However, the problem of schooling children in their native language began to be raised by special settlers only in the mid-1950s. Currently, there was a tangible relaxation of the regime of special settlements after the last XX Congress of the CPSU. However, before the adoption of the Order of the Council of People's Commissars of the USSR (June 20, 1944), an official letter from Beria was addressed to Molotov on June 19, 1944, based on which the above Order was adopted. The essence of this letter highlights two points that are very important for L. Beria from the point of view of the Soviet ideology that existed at that time: a) the lack of supposedly at that time-proven teaching staff to teach children in their national languages; b) to teach the children of special settlers only in Russian at schools at the place of residence.
In the light of the foregoing, it will be interesting to cite the contents of Beria's letter to Molotov dated June 19, 1944: "As part of the families of immigrants (Chechens, Ingush, Karachays, Balkars, Crimean Tatars) up to 300 thousand children, and under the age of 16 arrived in the Kazakh, Kirghiz and Uzbek SSR in 1944. Special settlers are placed in small groups in collective farms and districts mixed with the local population (Russian, Kazakh, Uzbek, and Kyrgyz). They live under a special regime that prohibits citizens from moving freely outside the points of residence. It is not possible to organize an elementary school for children of special settlers (Chechens, Ingush, Karachays, Balkars, and Crimean Tatars) with instruction in their national languages due to the lack of appropriate proven teaching staff.
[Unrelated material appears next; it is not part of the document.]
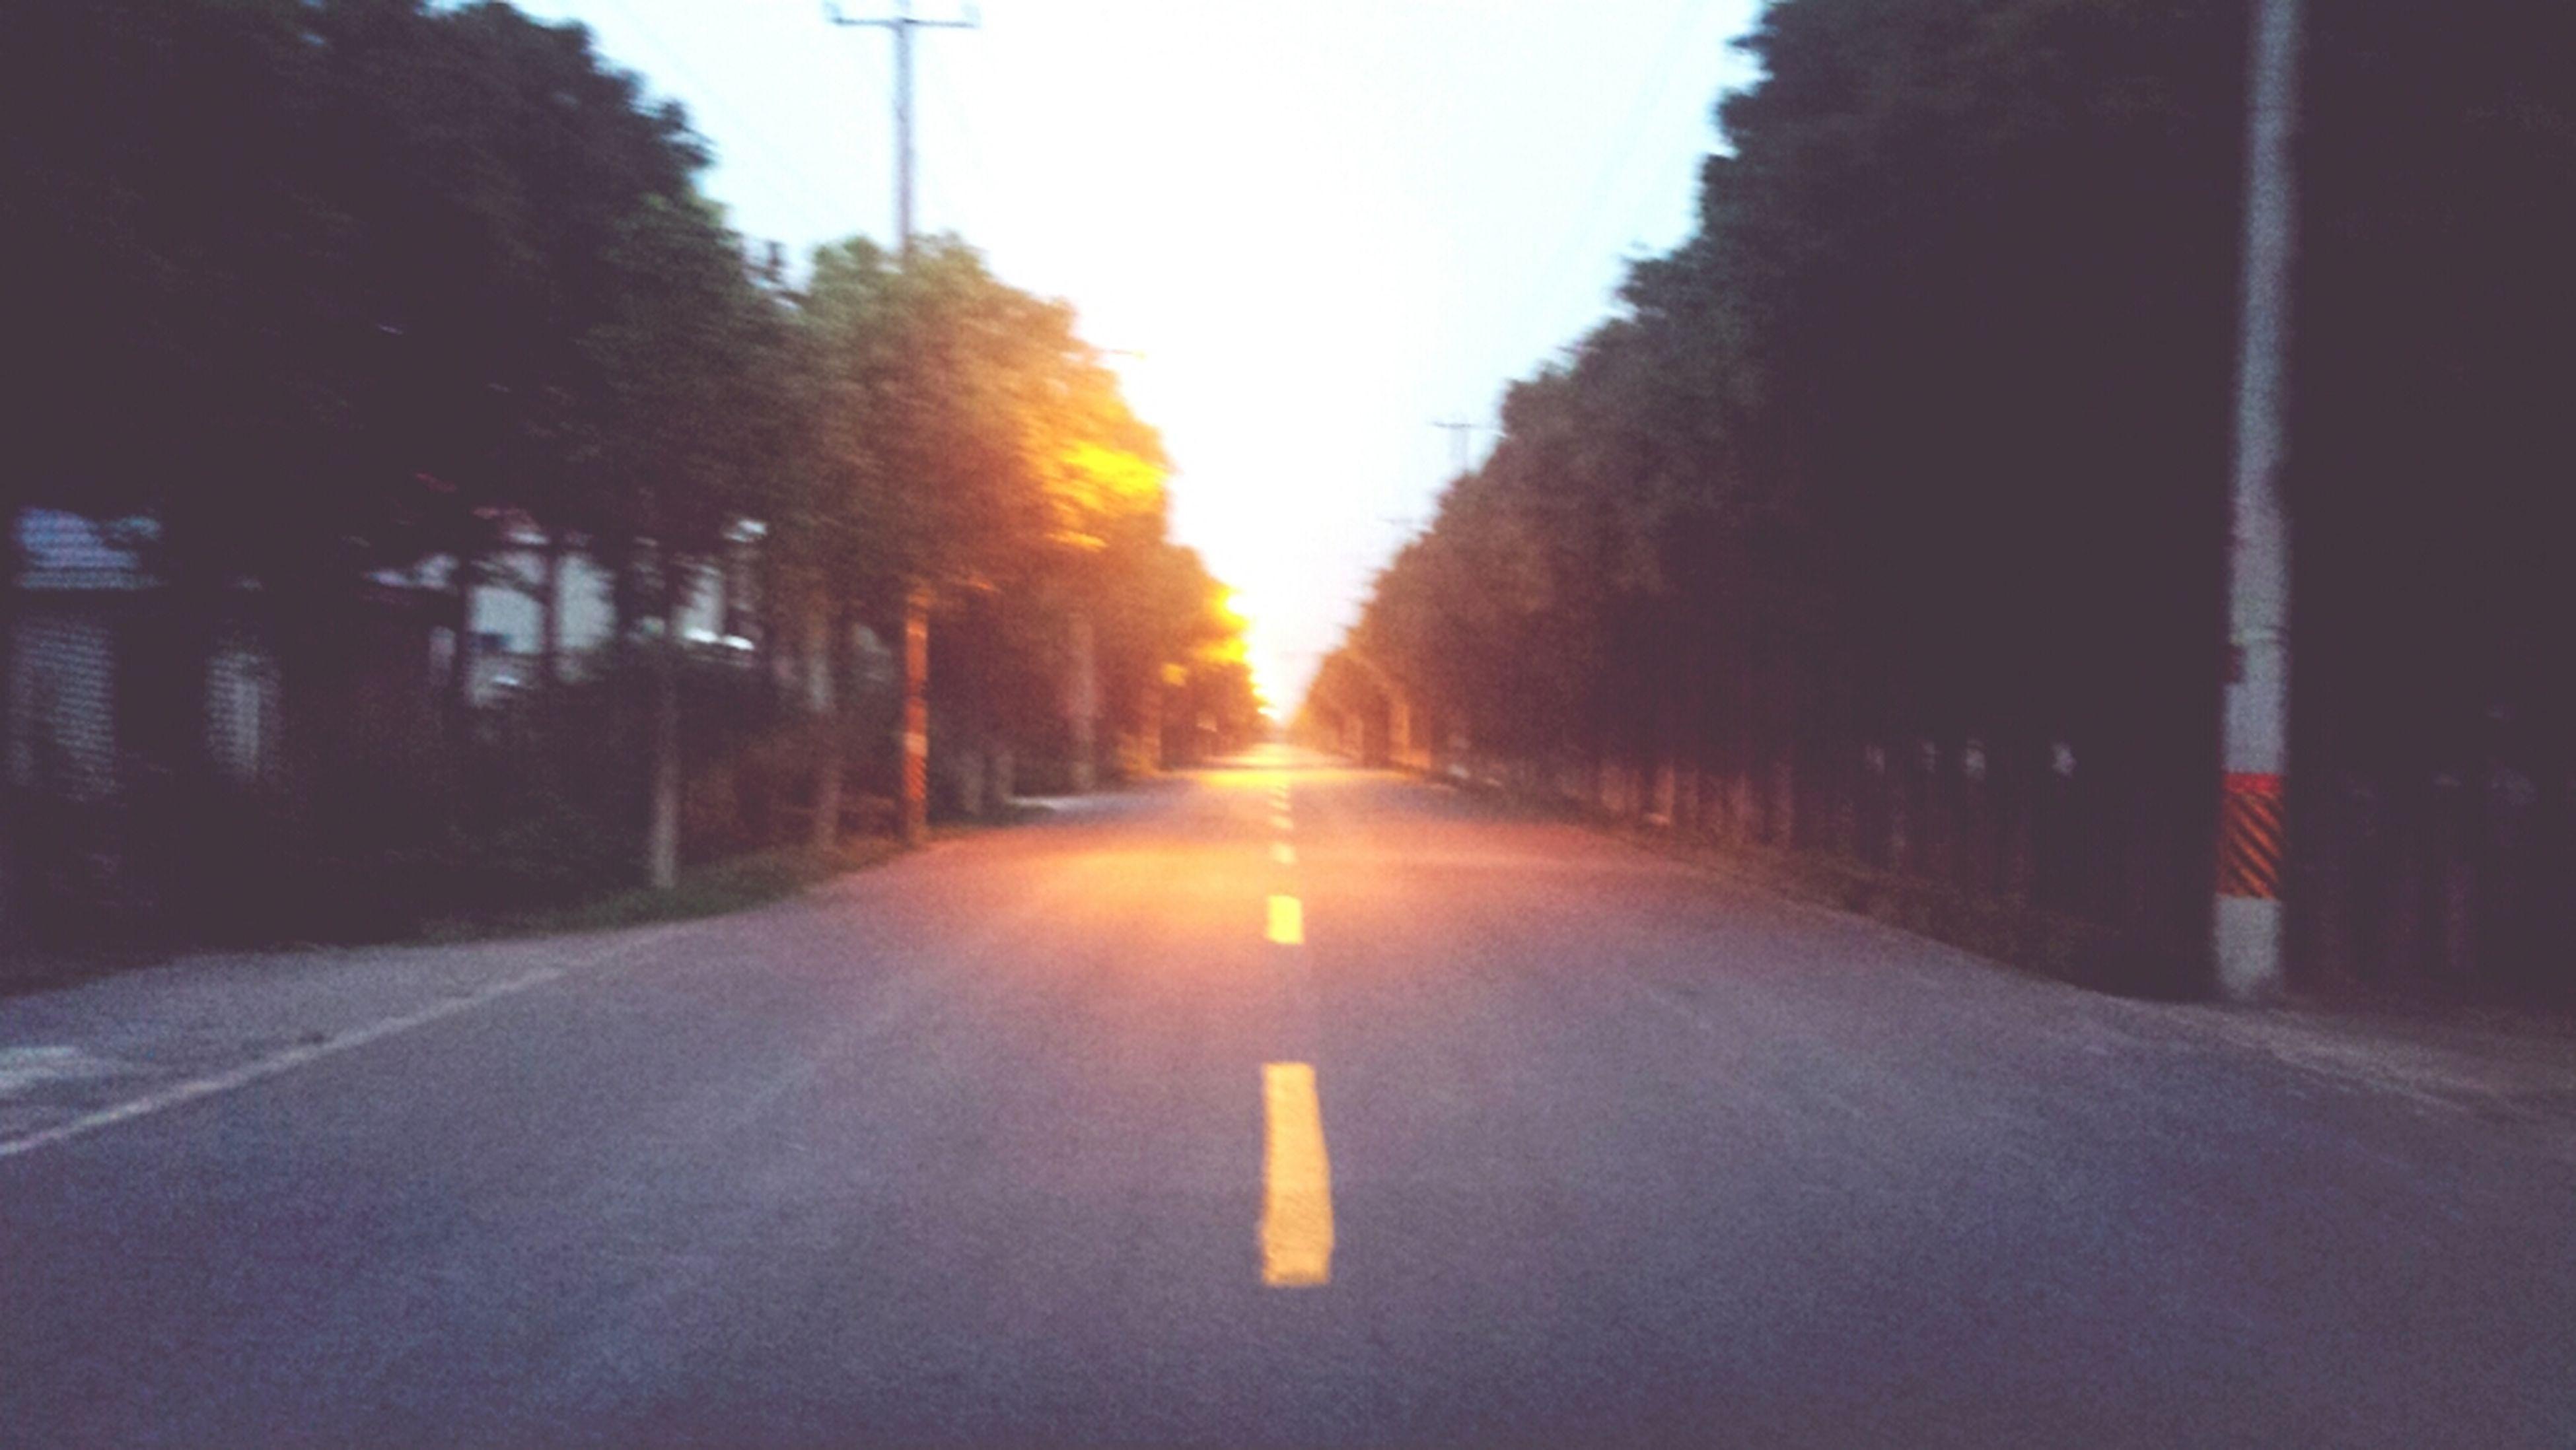 the way forward, transportation, diminishing perspective, road, vanishing point, tree, road marking, street, empty, empty road, sunset, asphalt, street light, long, no people, sky, outdoors, road sign, clear sky, sunlight

Due to all these conditions, the NKVD of the USSR considers it expedient to teach the children of special settlers in Russian in existing schools at their place of residence" (Patiev, 2004).
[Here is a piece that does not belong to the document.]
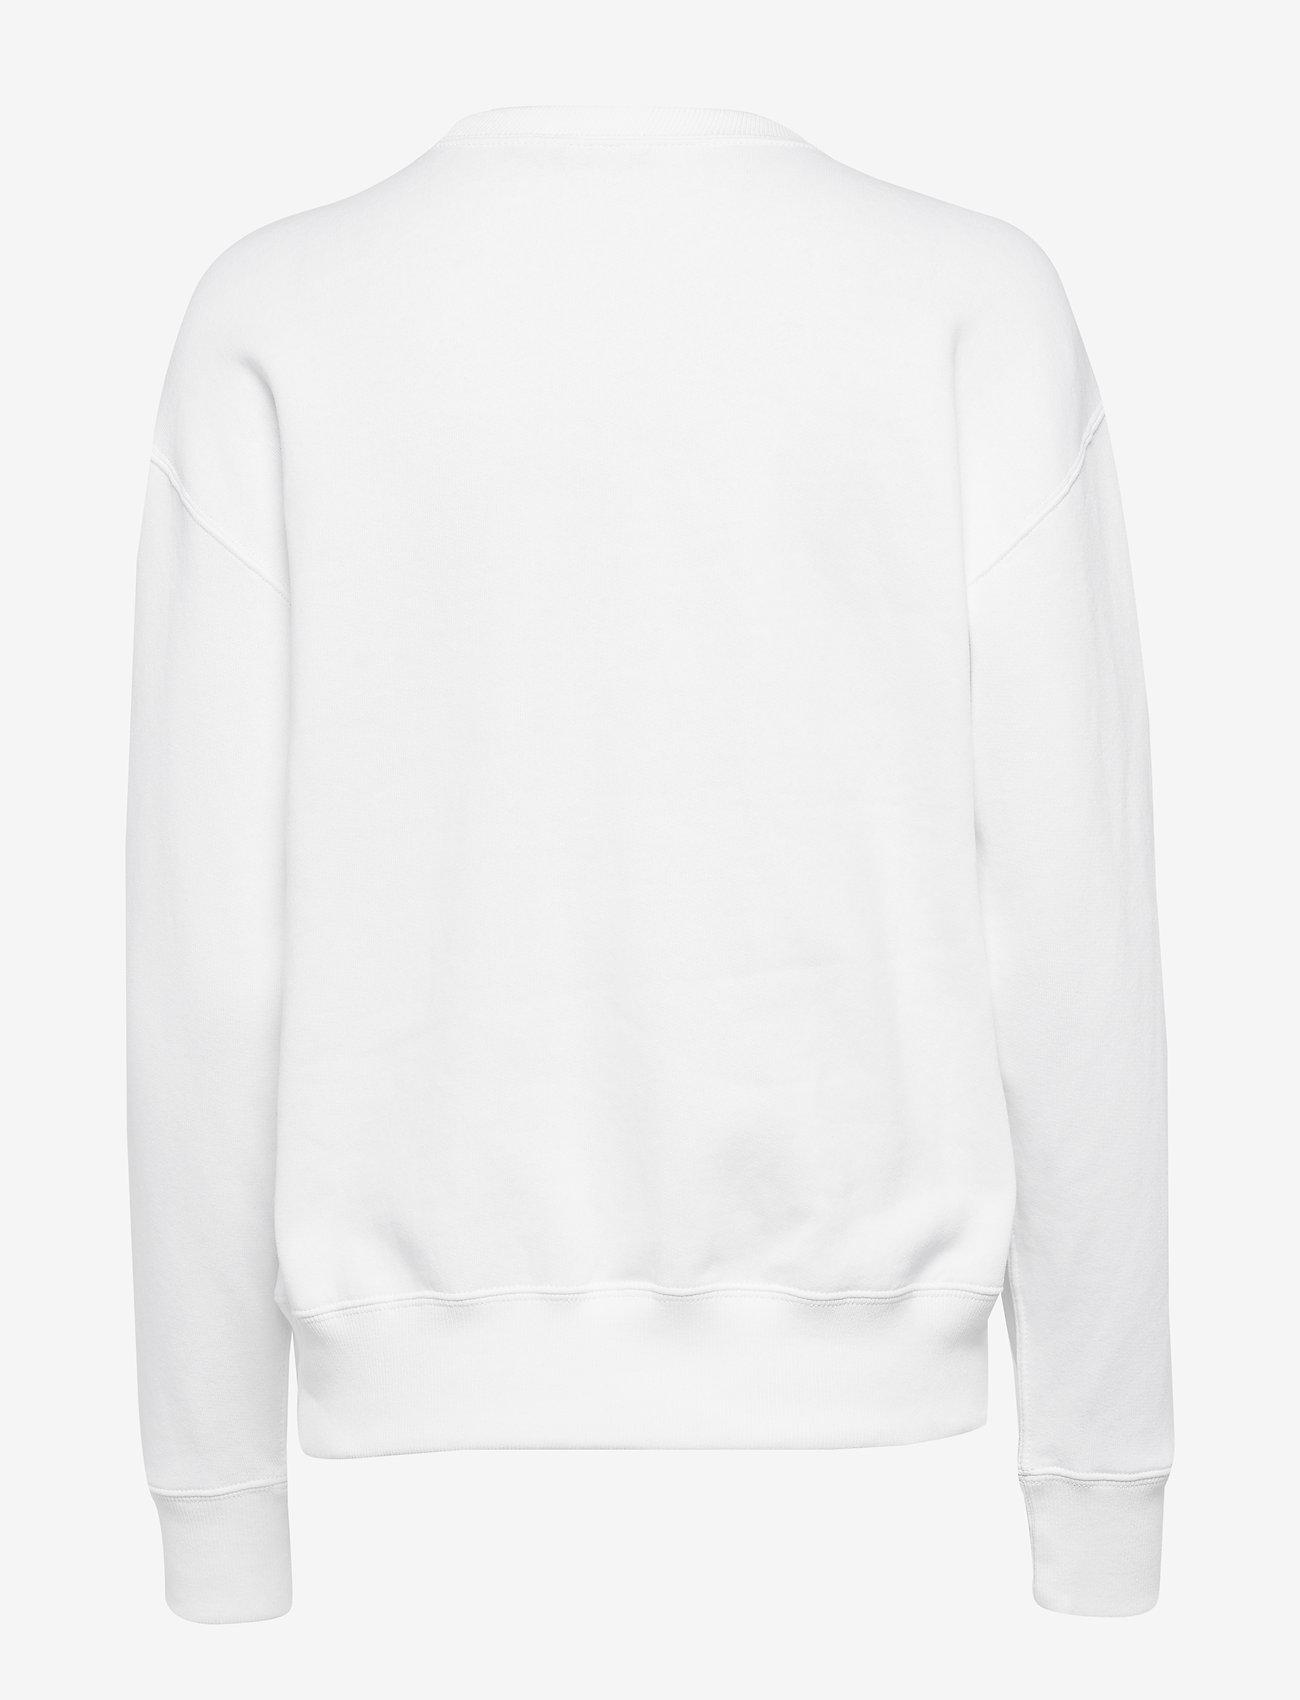 Fleece Pullover (White) - Polo Ralph Lauren RfvmQS

The Order of the Council of People's Commissars of the USSR No. 13287-rs dated June 20, 1944, also provided for a special procedure and conditions for the education of children of special settlers (Chechens, Ingush, Karachays, Balkars, and Crimean Tatars) in secondary and higher educational institutions on the territory of the Kazakh, Kirghiz, and Uzbek SSR. According to this Decree, training was conducted in existing educational institutions of the listed republics with the right to move students to the location of the educational institution but without the right to leave the republic, both during training and after graduation from this educational institution.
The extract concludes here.